Directions
Give the whole listing below once more, exactly, without pictures.

Exercise data
== Segment start ==
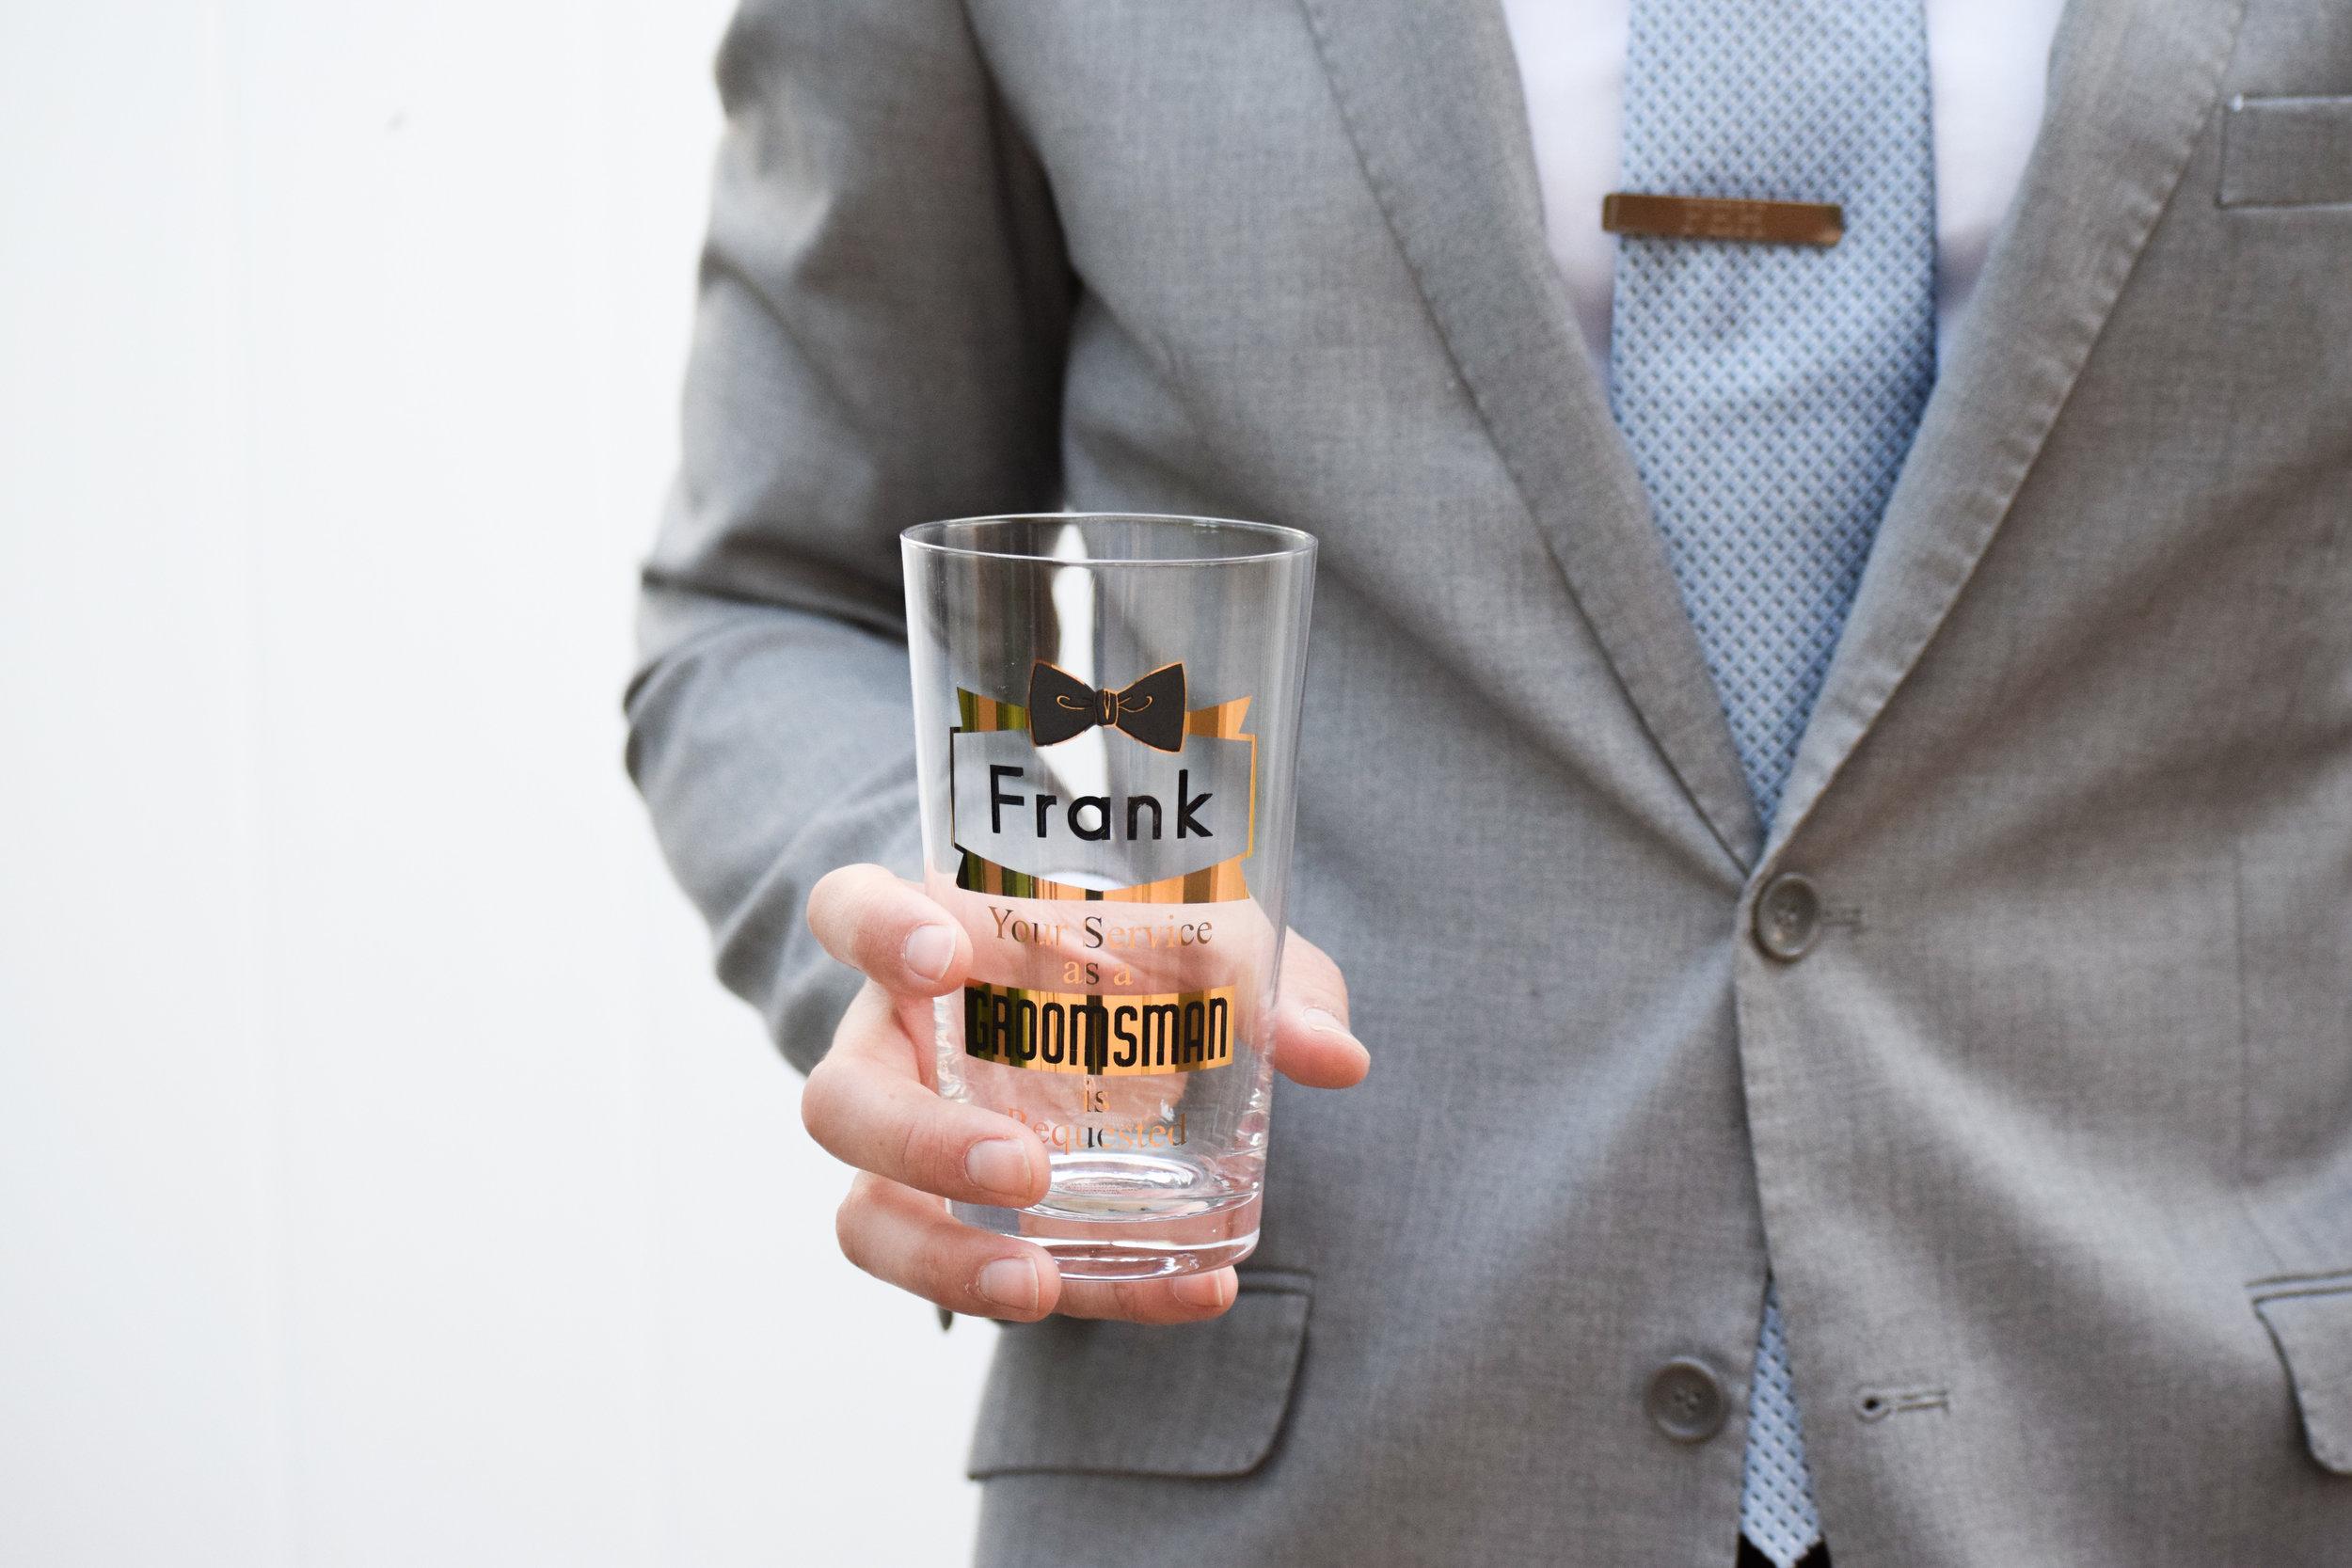 Groomsman Proposal Gift Ideas -- Groomsman Proposal Beer Glass - Things Remembered
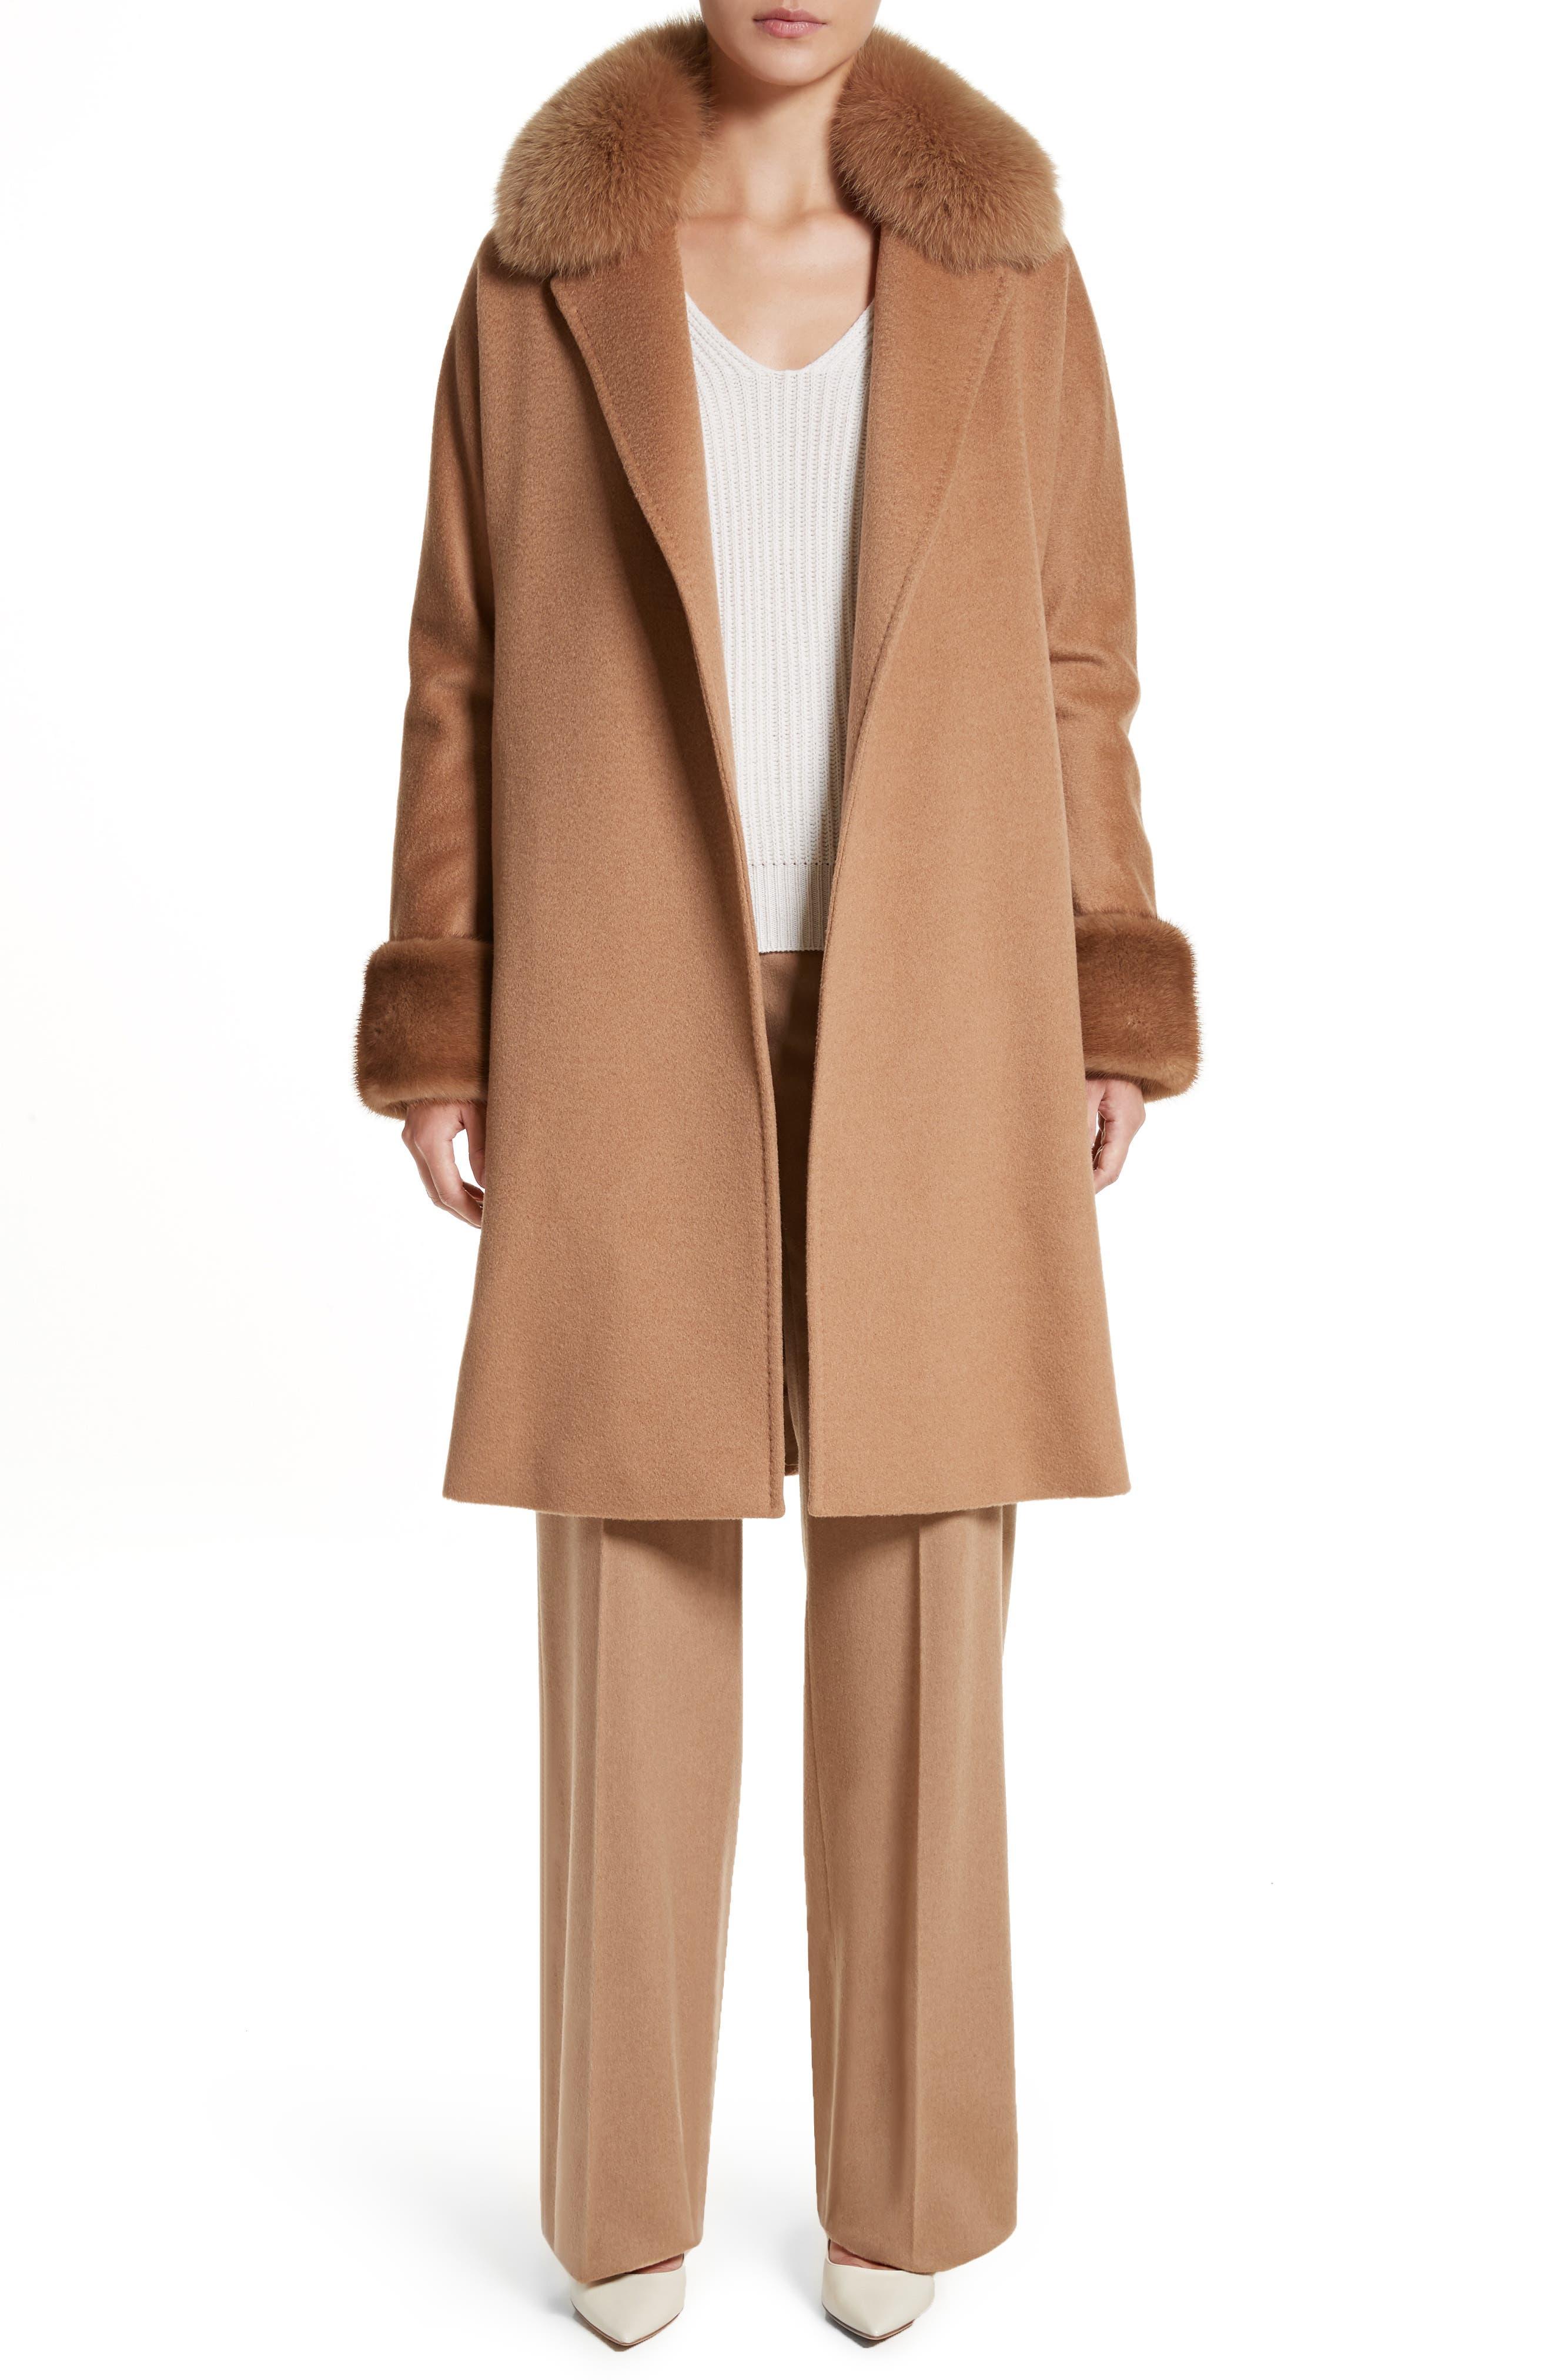 Camel Hair Coat with Genuine Fox Fur & Genuine Mink Fur Trim,                             Alternate thumbnail 7, color,                             232
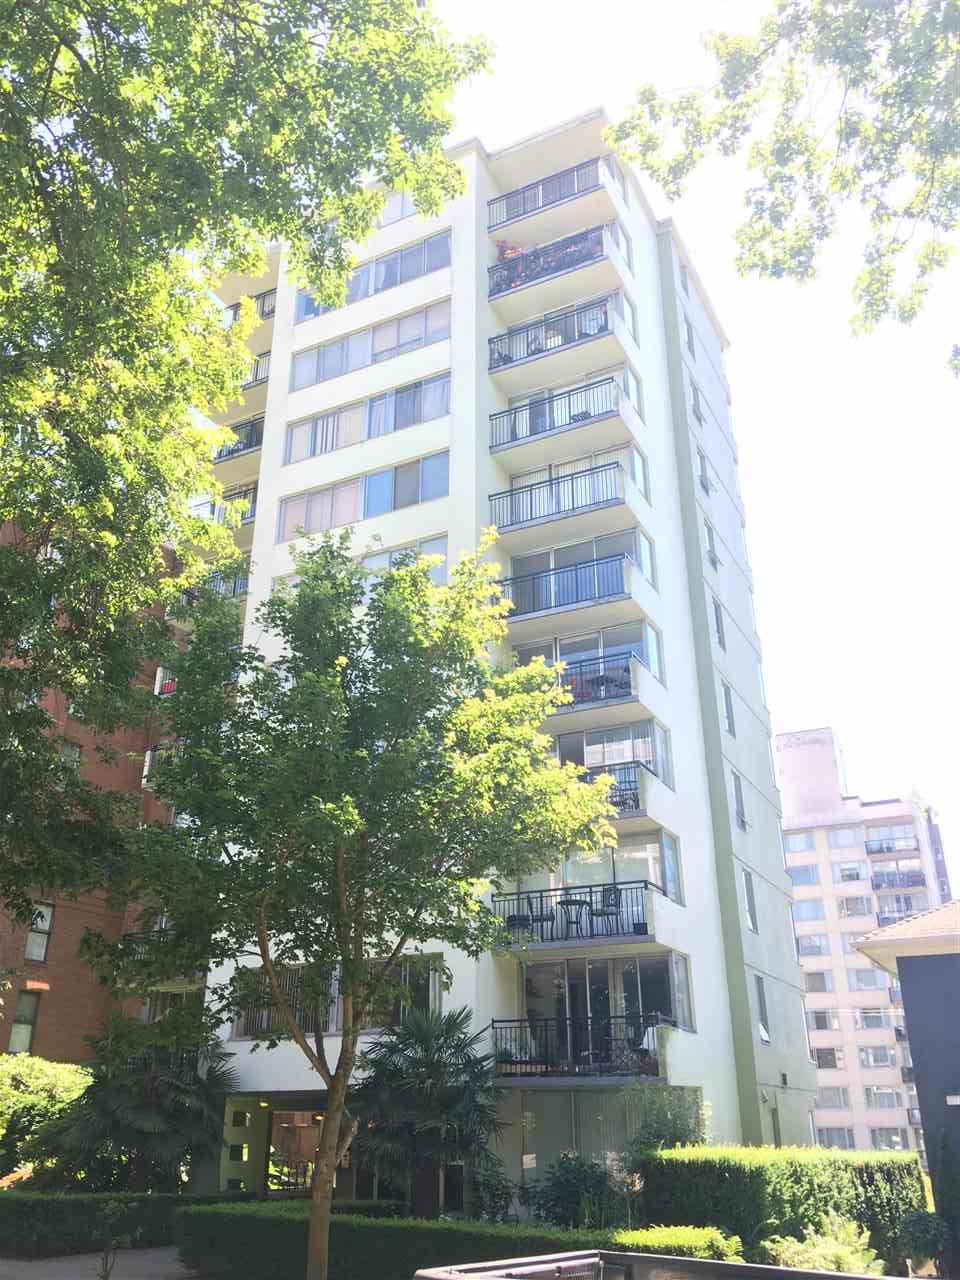 Condo Apartment at 702 1534 HARWOOD STREET, Unit 702, Vancouver West, British Columbia. Image 1
== Segment end ==
Problem solution
 Groomsman Proposal Gift Ideas -- Groomsman Proposal Beer Glass - Things Remembered
 Camel Hair Coat with Genuine Fox Fur & Genuine Mink Fur Trim,                             Alternate thumbnail 7, color,                             232
 Condo Apartment at 702 1534 HARWOOD STREET, Unit 702, Vancouver West, British Columbia. Image 1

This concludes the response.